Now that the embargo has been lifted on the Radeon 7970s, I'm curious about some of the features in GCN.
Firstly, GCN is supposed to have a unified address space with the host CPU, 64-bit addressing, and virtual memory. Are these present in the 7970?
With a unified address space, I no longer see a reason for the current 128MB per allocation limit on buffers. This will be glorious if we no longer have to pack larger data sets into textures, which is annoying to debug and write implementation independent code.
Futhermore, it would seem that pointers can now persist across kernels calls, removing the need for treating everything as an index.
Secondly, GCN is supposed to have a fully coherent L1/L2 cache heirarchy. Is this present? No longer having to use textures to get caching (save declaring a buffer as const restrict) would be pretty nice. Also, this would seem to significantly reduce the impact of non-coalesced reads and writes (supposing you can at least efficiently use cache).
Finally, I hear that virtual memory won't appear until 2014 in discreet GPUs. Is this a hardware or driver issue? E.g. does the 7970 support this and will in 2014 or do we have to wait 2 hardware generations?
I would also like to add to the questions: is there HW accel encoding (accessible by built-in kernels) present on HD7970?
Edit: And one more, I just read in a hungarian article about GCN, that double precision will be software degraded, so only the new generation FirePro will show what GCN is really capable of in DP. Please, tell me that this is some misunderstanding. NV has made the really disgusting habit of degrading GeForce DP over Tesla product line only in order to push buyers toward their more expensive products. Pre-7000 Radeons posessed all the DP capacity there was available. Please tell me that this will not change. (Taking into account that there are no dual-GPU FirePros, roughly this would shoot GCN in the leg about making it's way into HPC segment)

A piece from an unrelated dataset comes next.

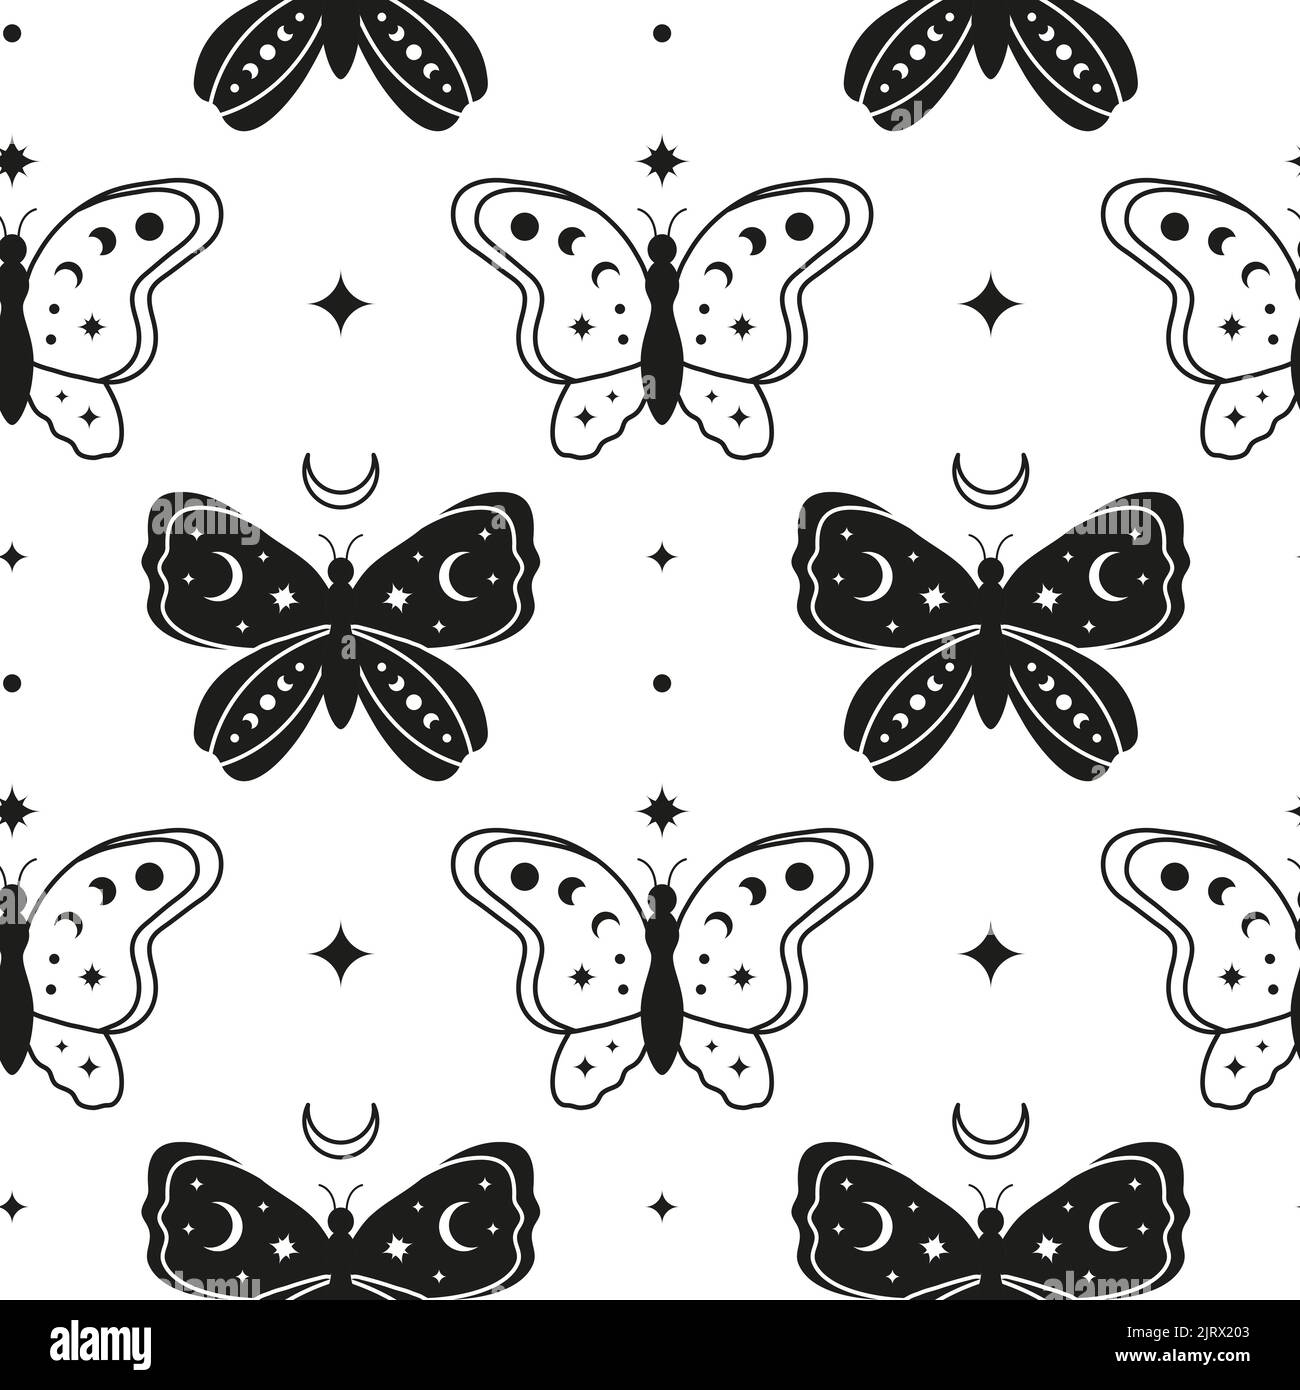 Boho seamless pattern with crescent moon, black and outline butterflies, crescent moon, stars. Bohemian modern background. Celestial wrapping paper. Stock Vector

Edit2: Ok, I found some information about VCE engine in an article, so that answers first question. But let me make another one than: will Partially Resident Textures be available in OpenCL, because as far as I understood megatexture streaming will be available as an OpenGL and DX11.1 extension. The reason I ask is because it occurs to me that I would like to visualize a an extremely large surface growth simulation on-the-fly via OpenGL interop. Problem is, that system is bitcoded due to it's size, so only way to visualize it is via Geometry Shader that enables bitcoded data to be read and is able to spawn quads based upon it, and an auxiliary vertex array that holds explicit x,y,z values at somearbitrary points. Thus render becomes this auxiliary vertex array, and actual data as an attribute array.

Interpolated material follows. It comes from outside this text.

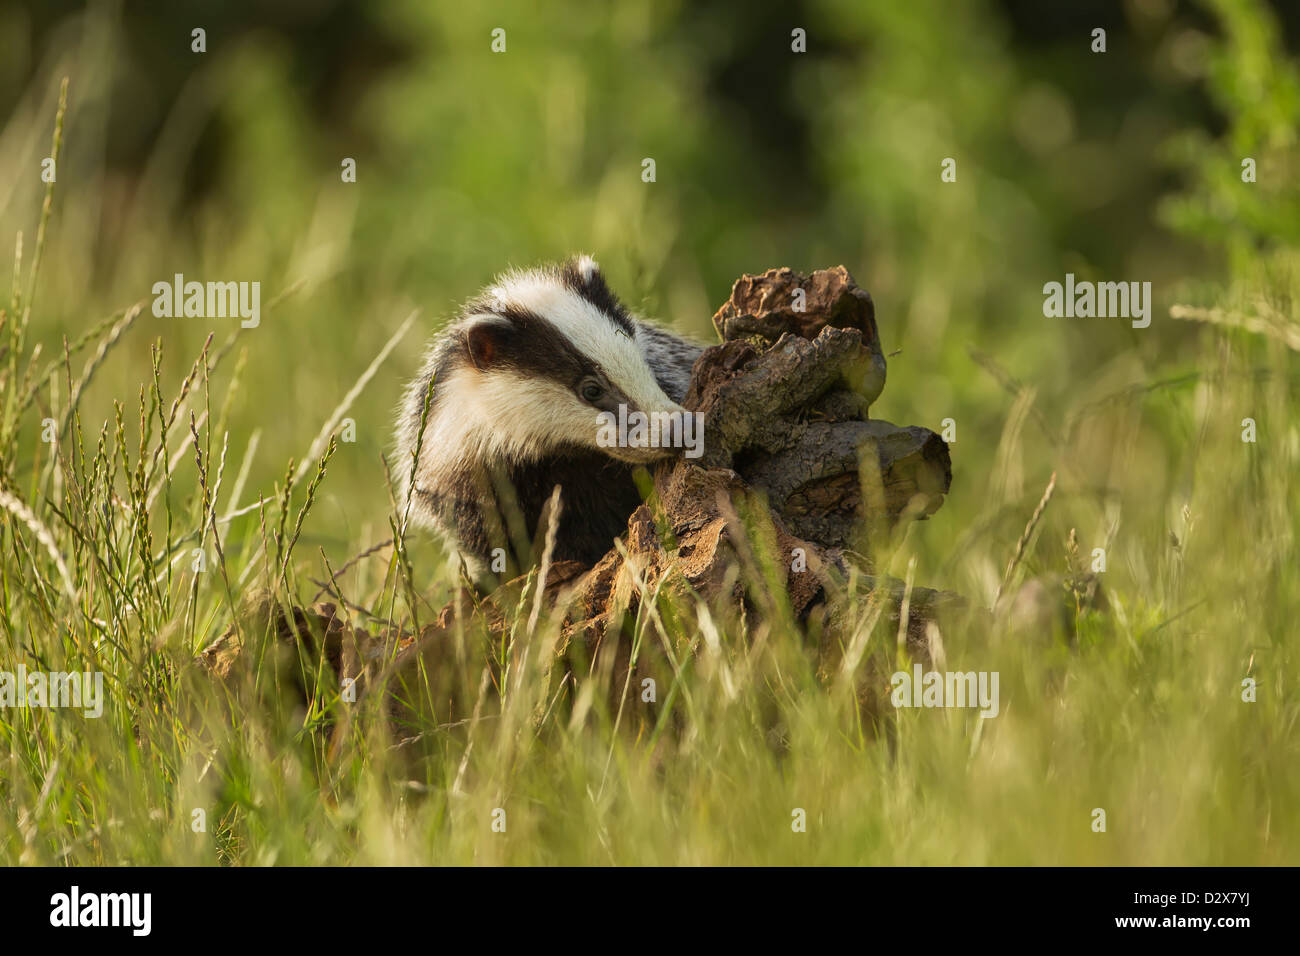 European Badger sniffing at a tree stump in the spring evening light Stock Photo

This doubling of data on display device is not a good thing, and I am curious if I could use megatexture streaming from host to make use of the heaps of RAM inside the host. If some efficient streaming method would be available, I could use all GPUs inside the node as if VRAM limit would be the same as host (192GB).

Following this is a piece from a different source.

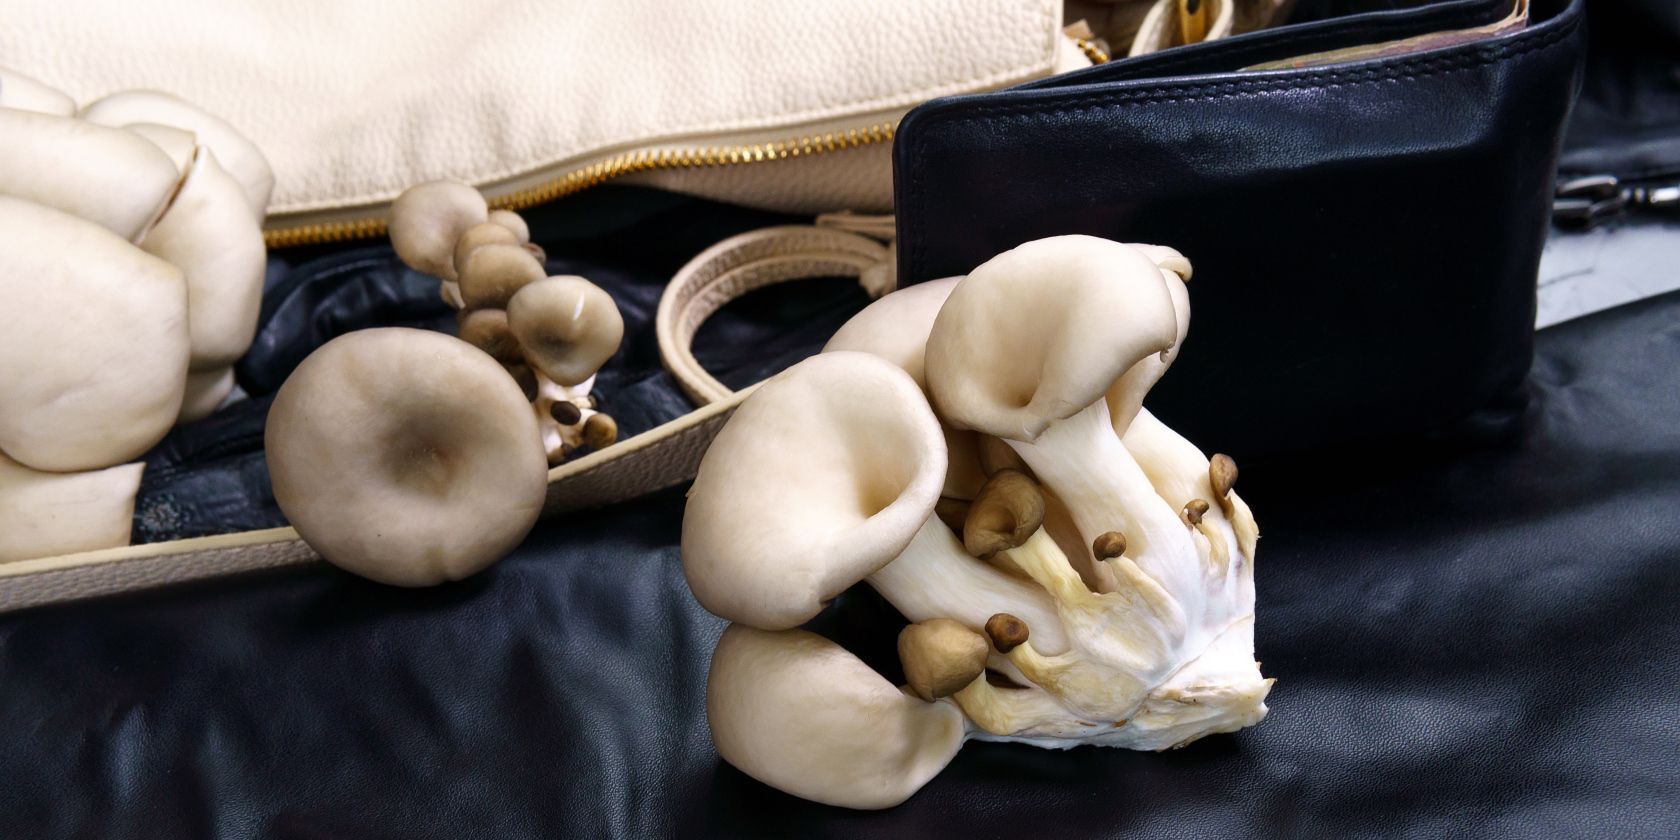 vegan leather made from mushrooms feature

Some of your questions are already answered in the last AMD APP SDK programming guide (1.3g) that was released today. It has a nice new GCN section.
To my unpleasant surprise it did not document any of the new 2.6 features.
what i read review they stated that DP rate is at 1/4 for new radeon 7970. also in some GCN review i read that DP rate should be tunable in HW from 1/16 up to 1/2. and all GCN GPU will support DP.
Could someone explain to me the idea behind HW scaling of DP power? The transistors are there (so chip size is increased which is already payed for by the customer) and than they have it artificially reduced??
There are heaps of forums and blogs talking about the retarded and deprecated notion of DP being an HPC neccessity and that regular consumer products would not utilize it, if it were present on the HW.
AMD was a lot sympathic for not following NV's practice of artificially holding GPU DP performance at bay. If they also start going down this road, that will be an enormous shame. If they really want to distinguish professional equipment from regular cards, AMD should place 6GB of GDDR5 / GPU, or 3GB of ECC GDDR5 / GPU instead of the regular 3GB on HD7970. Perhaps a strictly front-to-back cooling or passive cooling for blade servers... there are many possibilities of making distinction among HW classes beside the extremely lazy and profit-oriented act of implementing HW limitations that have no apparent reason.
It would be really nice if some official information would be given on the topic.
Originally posted by: moozoo
So close, I was hoping for 1 TFLOP DP , Perhaps third party boards and overclocking will get there.
FirePro with 1/2 DP switch enabled should get around 1.5-1.7 TFLOP ( I'm assuming it will be a little bit downclocked )